ADT: antidepressant treatment; HDL: high-density lipoprotein; LDL: low-density lipoprotein; SD: standard deviation.

4. Discussion

Supporting the findings of four individual short-term studies [9–12], the present analysis of pooled data shows that adjunctive brexpiprazole 2–3 mg/day improves symptoms of depression compared with adjunctive placebo in patients with MDD and an inadequate response to ADTs. The magnitude of the benefit for adjunctive brexpiprazole over adjunctive placebo was 2.15 points, which is above the minimum clinically important difference for MADRS Total score (estimated at around 2 points) [21,22]. This benefit corresponds to a standardized effect size of 0.33 based on Cohen’s d, which can be interpreted as a small-to-medium benefit [23]. In a prior meta-analysis of adjunctive atypical antipsychotics in MDD, aripiprazole, olanzapine–fluoxetine combination (OFC), quetiapine, and risperidone also showed small-to-medium standardized effect sizes on depressive symptoms (0.31 on average), with no significant differences between agents [7].

Adjunctive brexpiprazole 2 mg/day also improved symptoms of depression compared with adjunctive placebo in patients with MDD and an inadequate response to ADTs. On average, there was little difference in efficacy between the 2–3 mg and 2 mg doses. Individual patients may benefit from the 3 mg dose, however, and the option of increasing the dose to 3 mg gives clinicians more flexibility in the treatment of their patients, in regions where this dose is permitted.

Cohen’s d effect sizes for improvement in MADRS Total score were relatively consistent across pooled analyses (both 0.33) and three of the individual studies (0.27–0.28), although the effect size was higher in Pyxis (0.42).
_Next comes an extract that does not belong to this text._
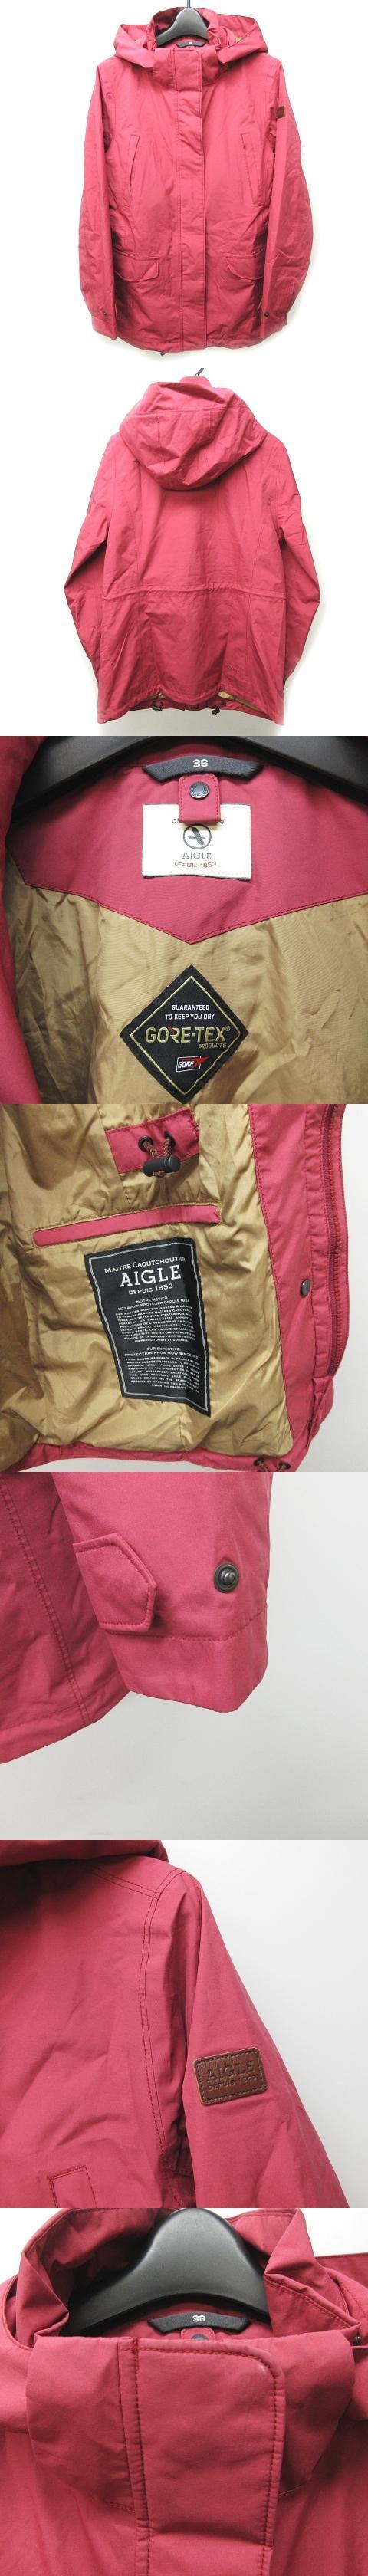 ゴアテックス ベロン ジャケット マウンテンパーカ フード GORE-TEX トートバッグ付 紫 系 36 ZBFH652 1113
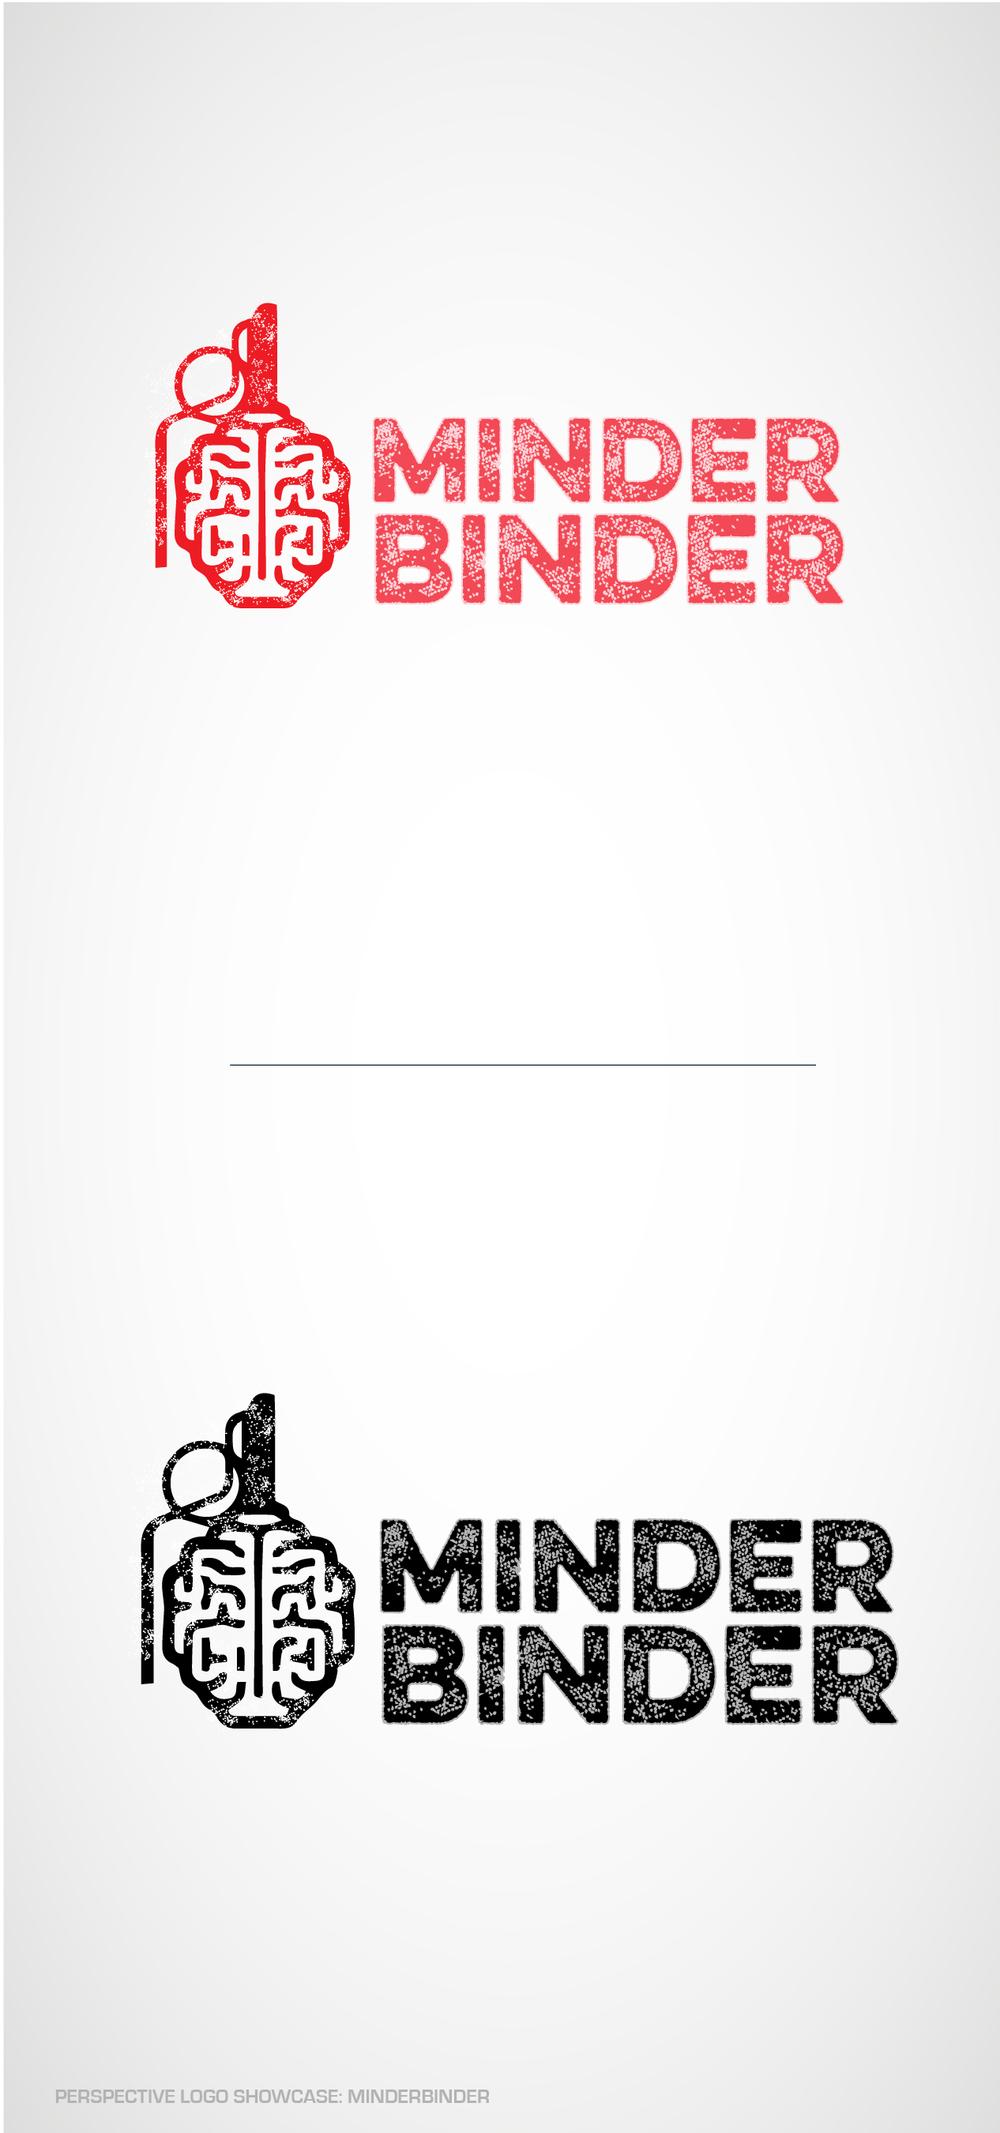 minder_binder_finals-06.jpg

Benefits were also observed on the CGI-S and for response and remission rates, providing clinically meaningful endpoints in support of adjunctive brexpiprazole in MDD. Of note, adjunctive brexpiprazole showed a benefit on the core depressive symptoms scale (MADRS₆), and was generally associated with greater improvement on core symptoms (apparent sadness, reported sadness, inner tension, lassitude, inability to feel, and pessimistic thoughts) than on non-core symptoms. This suggests that brexpiprazole exerts its effects in MDD by treating the core symptoms of the disease [24]. Adjunctive aripiprazole and OFC have also shown benefits on HAM-D and MADRS core depressive symptom subscales, respectively, in post hoc analyses of randomized controlled trials [25,26].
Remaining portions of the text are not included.